The group, tracked by cybersecurity firm Mandiant as UNC2447,
took advantage of an “improper SQL command neutralization” flaw in
the SSL-VPN SMA100 product (CVE-2021-20016[1], CVSS score 9[2].8) that allows an
unauthenticated attacker to achieve remote code execution.
“UNC2447 monetizes intrusions by extorting their victims first
with FIVEHANDS ransomware followed by aggressively applying
pressure through threats of media attention and offering victim
data for sale on hacker forums,” Mandiant researchers said[3]. “UNC2447 has been
observed targeting organizations in Europe and North America and
has consistently displayed advanced capabilities to evade detection
and minimize post-intrusion forensics.”
CVE-2021-20016 is the same zero-day[4]
that the San Jose-based firm said was exploited by “sophisticated
threat actors” to stage a “coordinated attack on its internal
systems” earlier this year. On January 22, The Hacker News
exclusively revealed[5]
that SonicWall had been breached by exploiting “probable zero-day
vulnerabilities” in its SMA 100 series remote access devices.

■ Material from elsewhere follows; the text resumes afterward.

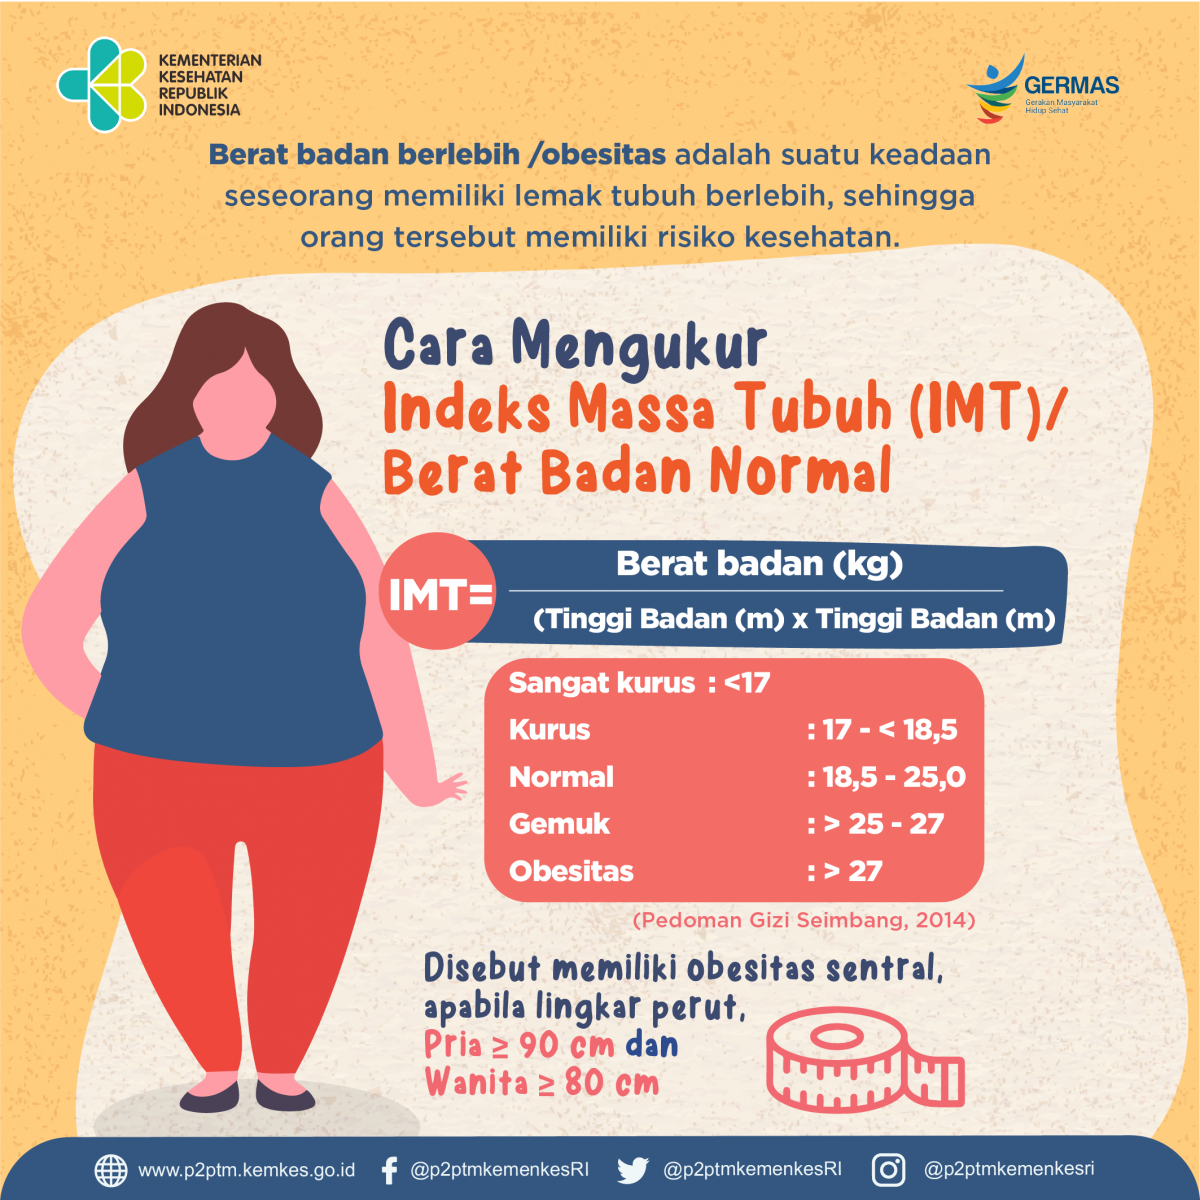 Bagaimana Cara Mengukur Indeks Massa Tubuh (IMT) / Berat Badan Normal?

Successful exploitation of the flaw would grant an attacker the
ability to access login credentials as well as session information
that could then be used to log into a vulnerable unpatched SMA 100
series appliance.
According to the FireEye-owned subsidiary, the intrusions are
said to have occurred in January and February 2021, with the threat
actor using malware called SombRAT[6]
to deploy the FIVEHANDS ransomware. It’s worth noting that SombRAT
was discovered in November 2020 by BlackBerry researchers in
conjunction with a campaign called CostaRicto undertaken by a
mercenary hacker group.
UNC2447 attacks involving ransomware infections were first
observed in the wild in October 2020, initially compromising
targets with HelloKitty[7]
ransomware, before swapping it for FIVEHANDS in January 2021.
Incidentally, both the ransomware strains, written in C++, are
rewrites of another ransomware called DeathRansom[8].
“Based on technical and temporal observations of HelloKitty and
FIVEHANDS deployments, HelloKitty may have been used by an overall
affiliate program from May 2020 through December 2020, and
FIVEHANDS since approximately January 2021,” the researchers
said.
FIVEHANDS also differs from DeathRansom and HelloKitty in the
use of a memory-only dropper and additional features that allow it
to accept command-line arguments and utilize Windows Restart
Manager to close a file currently in use prior to encryption.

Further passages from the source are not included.